In December 2013, Advocate-General Pedro Cruz Villalón delivered his opinion in a highly publicised case before the Court of Justice of the EU (CJEU) concerning the Data Retention Directive. This has reignited the debate over this controversial measure, described by the European Data Protection Supervisor as “the most privacy-invasive instrument ever adopted by the EU”.
The adoption and implementation of the Directive
The Data Retention Directive (Directive 2006/24/EC) was adopted in March 2006. It requires internet service providers and telephone companies to retain traffic and location data for a period of between six months and two years, for the purpose of investigating, detecting and prosecuting serious crime. This obligation does not extend to the content of communications, but relates to data indicating the source, destination, date, time, duration and type of communication, as well as the communication equipment used and the location of mobile communications equipment.
The Member States (MS) were supposed to transpose the Directive by September 2007, but could postpone its application to the retention of data relating to internet access, e-mail and telephony until March 2009. The implementing laws differ considerably across the EU (e.g. as regards the seriousness of crime that can trigger a data request), as does the extent to which retained data are requested by competent authorities. The Constitutional Courts of Romania, Germany and the Czech Republic annulled the relevant national legislation (respectively in 2009, 2010 and 2011) on various grounds related mainly to privacy and the protection of personal data concerns. New transposition measures have yet to be adopted by the three MS. In 2012, the Commission referredGermany to the CJEU for failure to transpose the Directive.
Points of contention
The Directive sparked a heated debate, as illustrated by a 2010 joint letter sent by 106 civil society and professional organisations to the three European Commissioners in charge of digital-rights-related portfolios. The recent CPDP2014 conference in Brussels, showed that the very idea of blanket data retention still has strong opposition among civil society groups and academics. The instrument is widely seen as disproportionate, unnecessary and unbalanced, given the extent to which it impedes on fundamental rights, while arguably of limited use for law enforcement (e.g. due to criminals easily circumventing its provisions, using anonymous SIM cards).
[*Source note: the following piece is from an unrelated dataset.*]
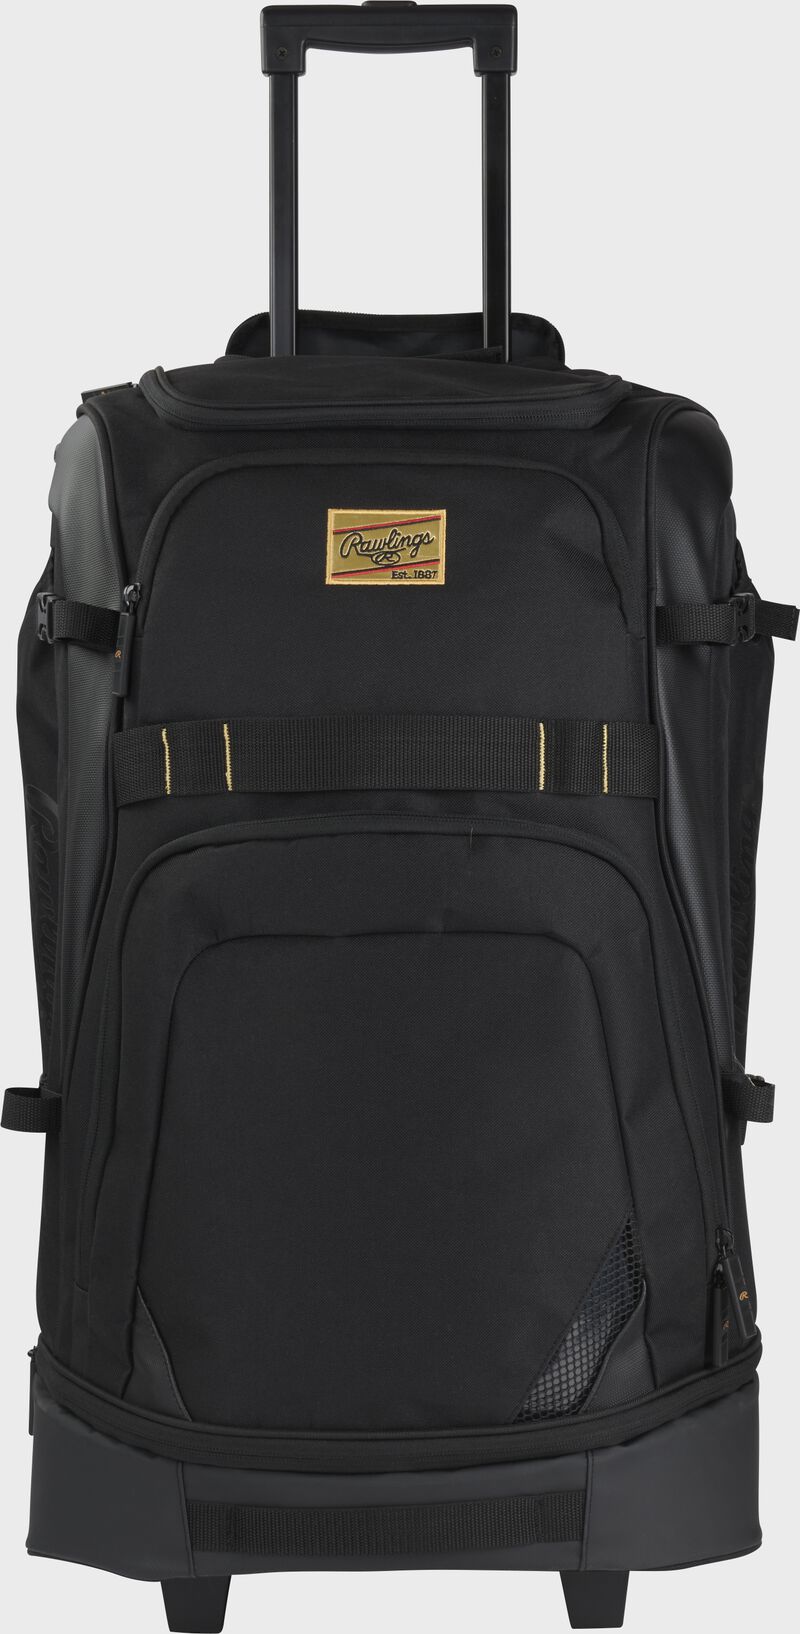 RAWLINGS GOLD COLLECTION WHEELED BAG: BLACK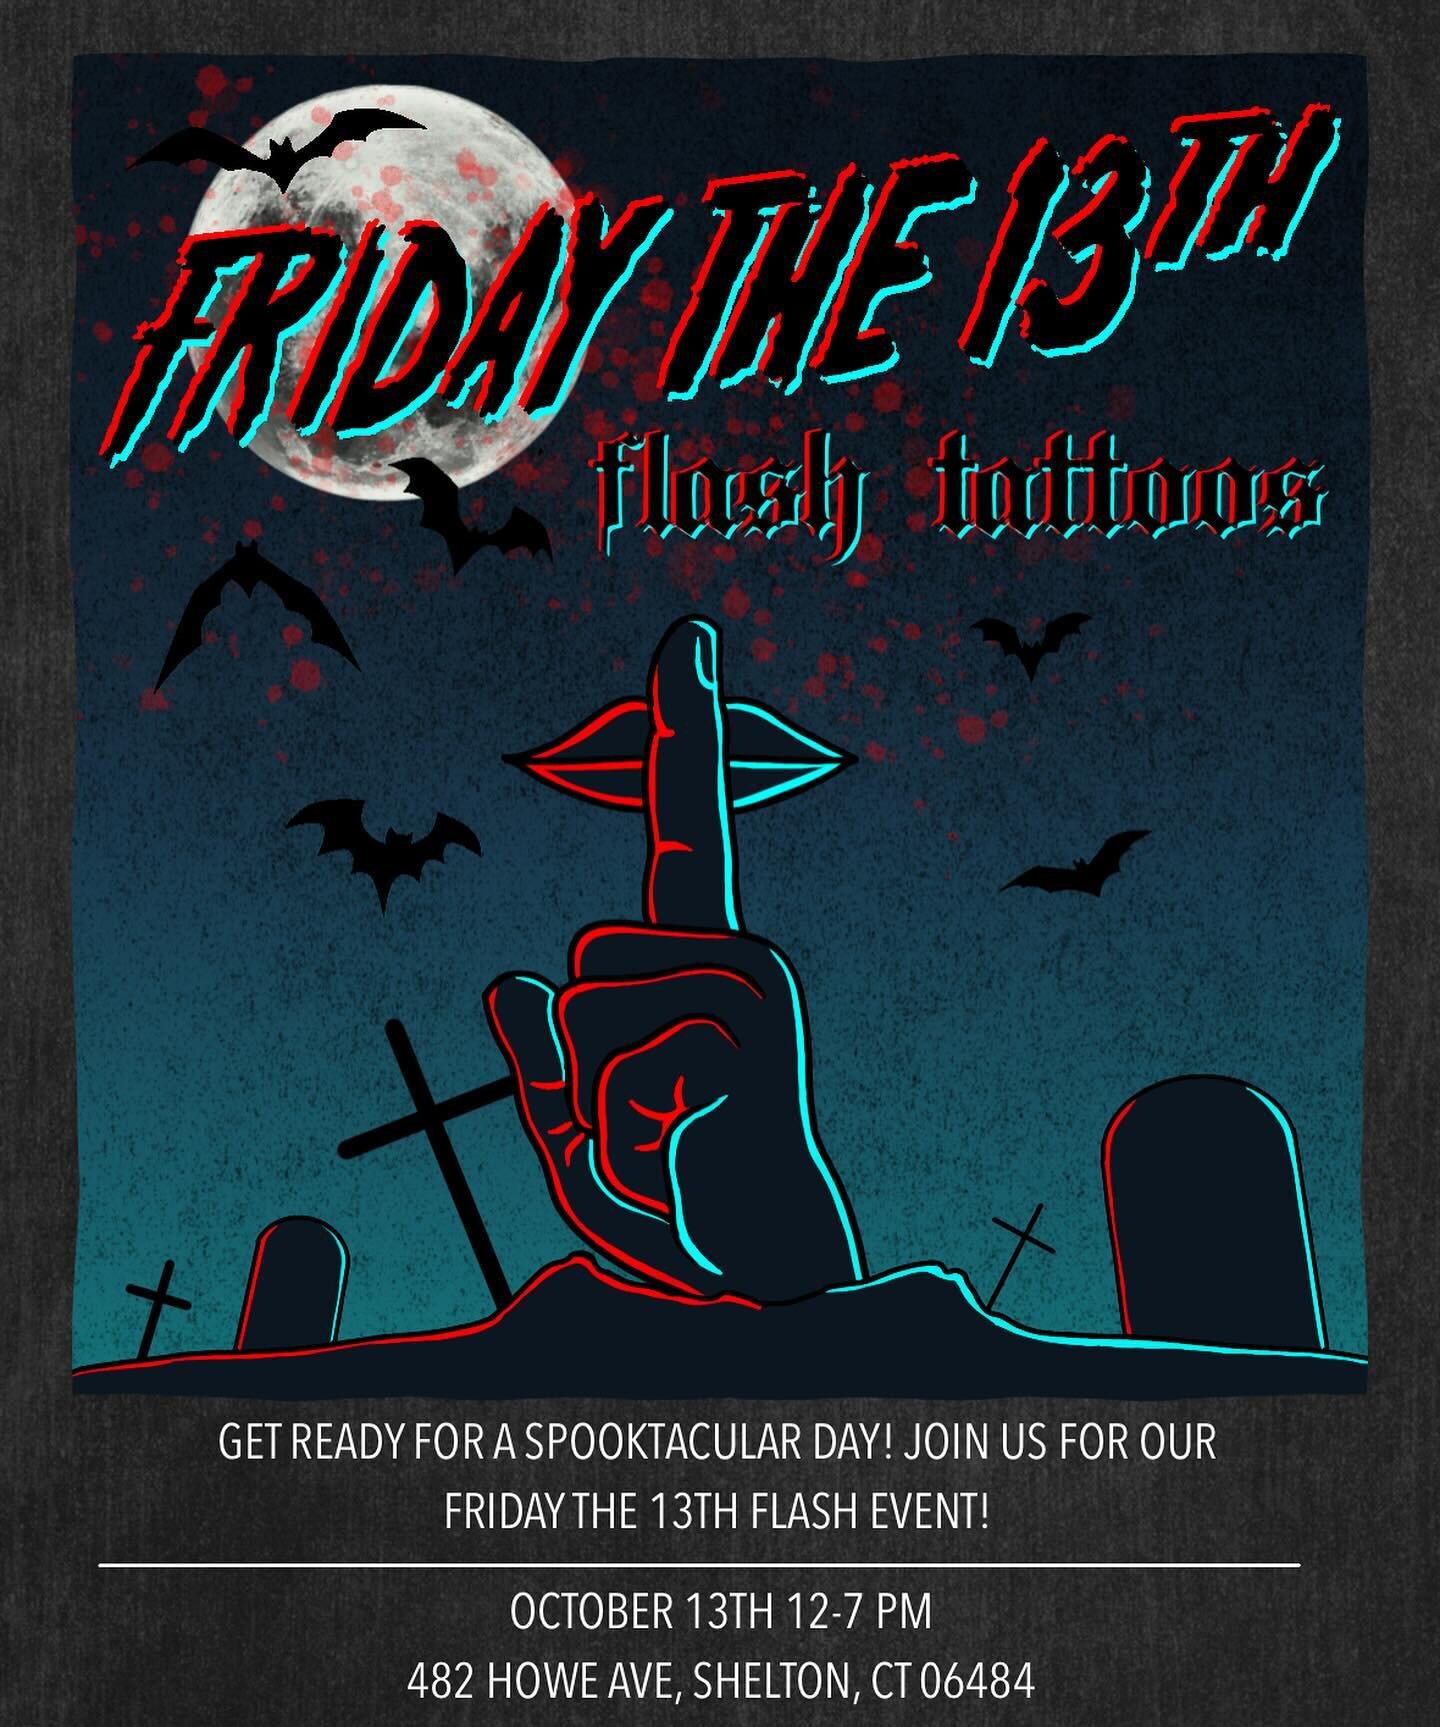 TIME TO GET SPOOKY 🔪

➡️SWIPE FOR DETAILS

We&rsquo;re offering a ton of flash designs for Friday the 13th! 🩸 

We&rsquo;re also giving away a bunch of custom made goodies! 😉

This is just the beginning of our October events. Every single Friday i

Many commentators favour so-called data preservation (‘quick freeze’) provided for by the Council of Europe Convention on Cybercrime. This more limited investigative tool requires data concerning specific criminal suspects to be retained only from the date of the court order.
However, the Commission which evaluated the Directive in 2011 concluded that data retention should continue, though within a revised EU framework. It pointed to evidence presented by some MS supporting the claim that the tool is valuable, if not indispensable, for preventing and combating crime.
In joint cases C-293/12 and C-594/12 the CJEU is considering references for preliminary rulings from Irish and Austrian courts concerning the Directive’s validity. In his recent opinion, Cruz Villalón took the view that the Directive is incompatible with Articles 52(1) and 7 of the EU Charter of Fundamental Rights. This is because it interferes seriously with the right to privacy, without offering appropriate guarantees on the regulation of access to retained data and its use. Moreover, he found that setting the upper limit of data retention at two years (which in his view should be less than one year) is excessive. Nonetheless, he proposes the Court should allow data retention to continue until new EU instruments can be adopted. His opinion is not binding on the CJEU whose judgment is awaited.